-
Notifications
You must be signed in to change notification settings - Fork 48
Description
Summary
The ProcessGuardian detected a pipeline entering ERROR state and attempted to stop and restart the child process. Both SIGTERM and SIGKILL failed — the child process remained alive. This caused the monitor loop itself to error out, putting the pipeline into a persistent ERROR state. The container manager (ai.nightnode.net) then force-restarted the container.
Severity: High — requires container restart to recover, disrupting active streams.
Error Sequence
18:06:26 ERROR process_guardian.py:314:_monitor_loop
Pipeline is in ERROR state. Stopping streamer and restarting process. prev_restart_count=0
18:06:26 INFO process.py:71:stop — Terminating pipeline process
18:06:26 INFO process.py:526:_handle — Received signal: 15 (SIGTERM).
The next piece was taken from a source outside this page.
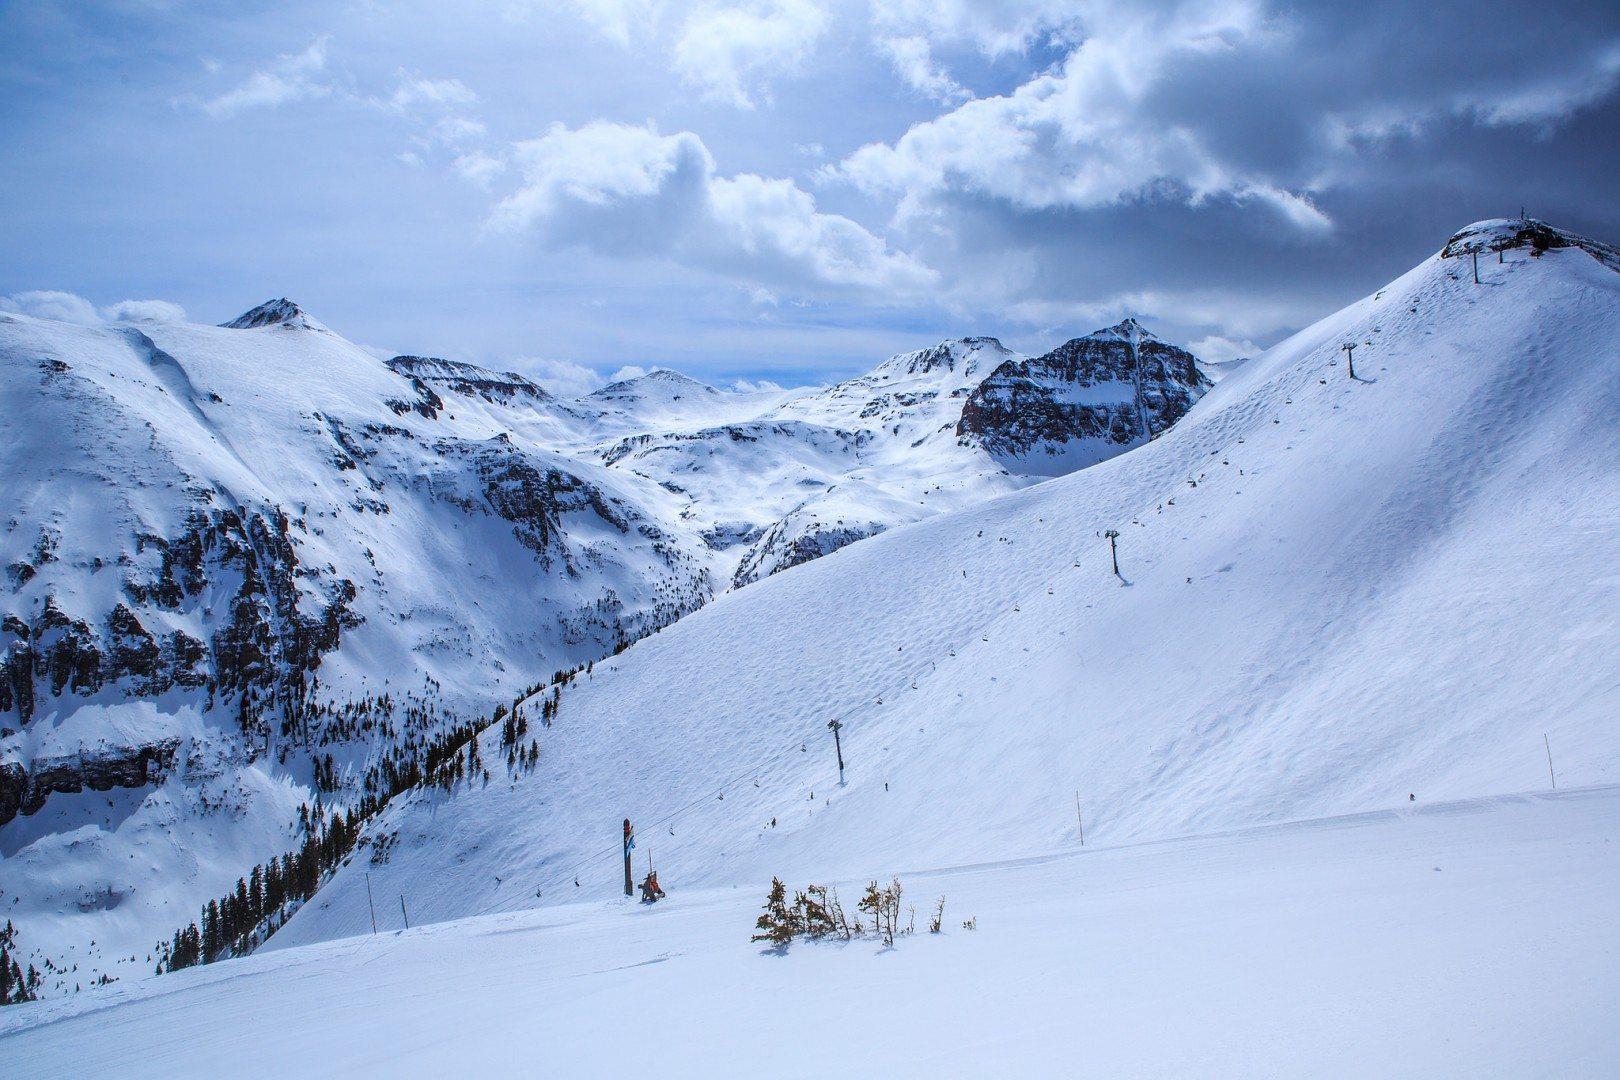 Telluride Ski Resort Photo Credit: Murray Foubister / Flickr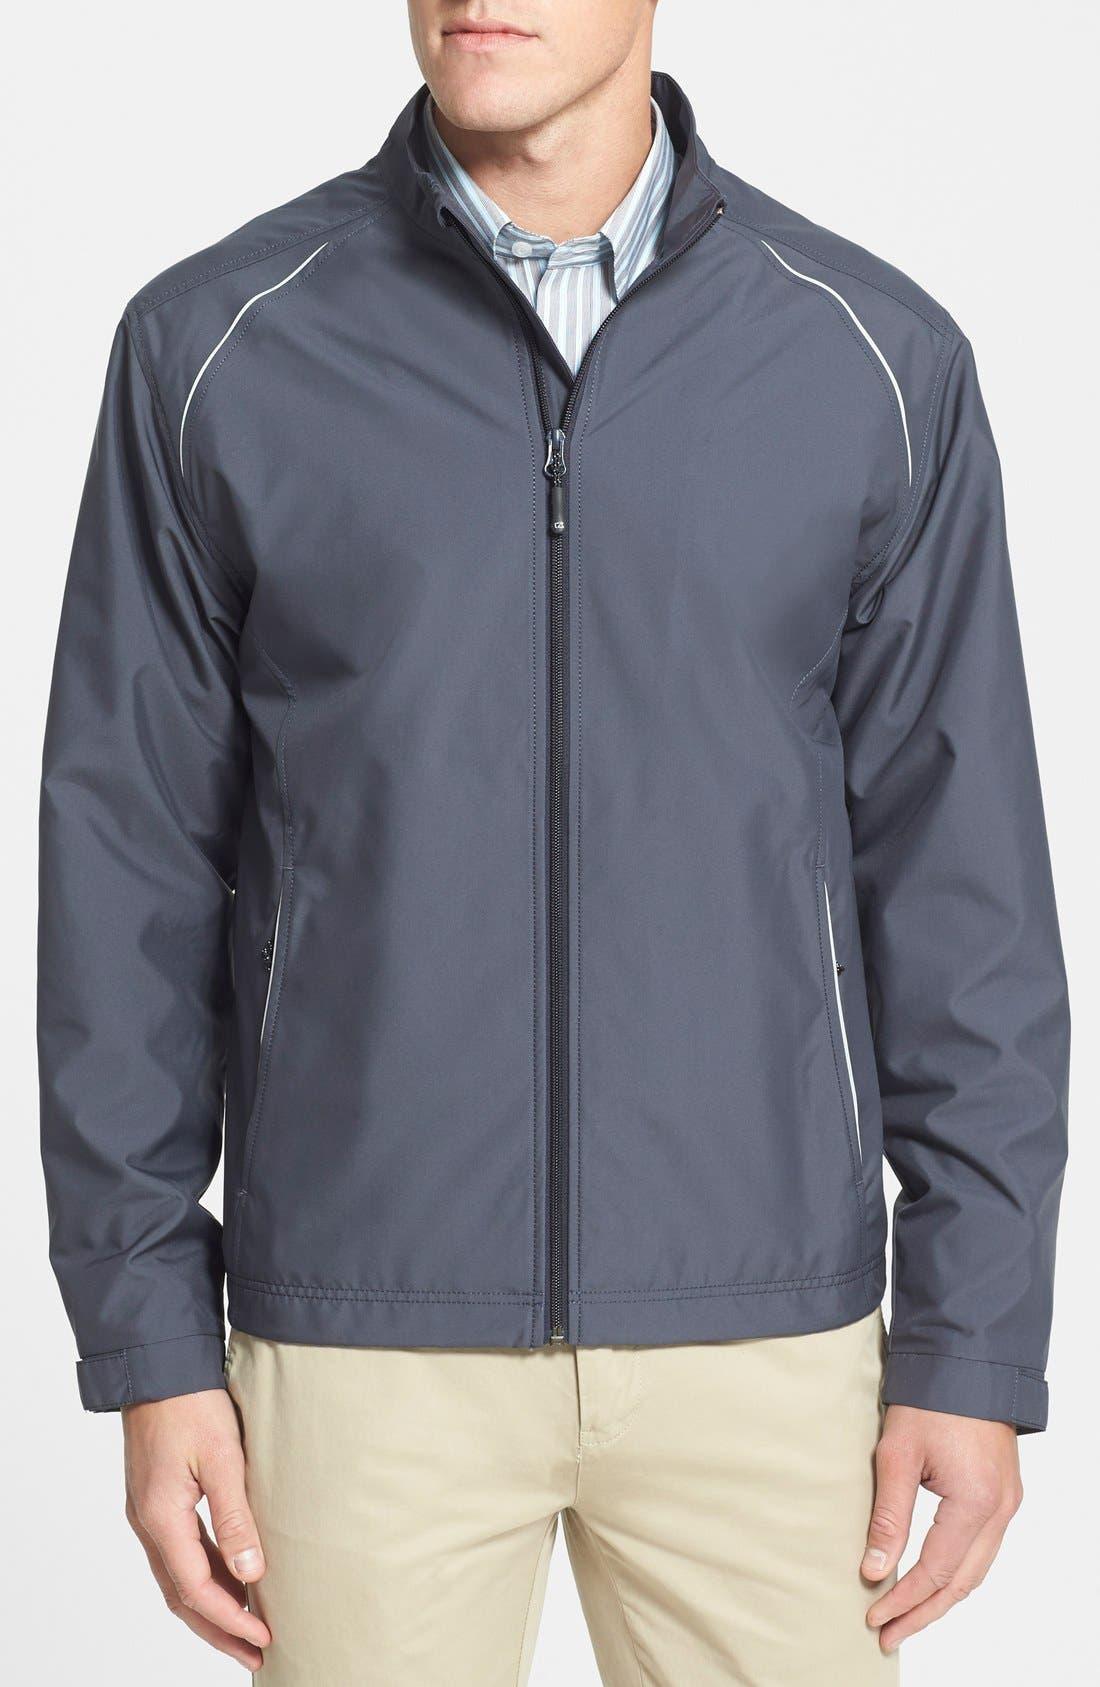 Beacon WeatherTec Wind & Water Resistant Jacket,                         Main,                         color, Onyx Grey

Initiating graceful shutdown.
18:06:26 INFO process.py:266:_run_pipeline_loops — PipelineProcess: _run_pipeline_loops finished.
18:06:29 ERROR process.py:90:stop — Failed to terminate process, killing
(SIGTERM timed out → escalate to SIGKILL)
18:06:31 ERROR process.py:93:stop — Failed to kill process
self_pid=131 child_pid=169 is_alive=True
18:06:31 ERROR process_guardian.py:334:_monitor_loop
Failed to stop streamer and restart process. Moving to ERROR state
Stack Trace
Traceback (most recent call last):
...
raise RuntimeError("Failed to kill process")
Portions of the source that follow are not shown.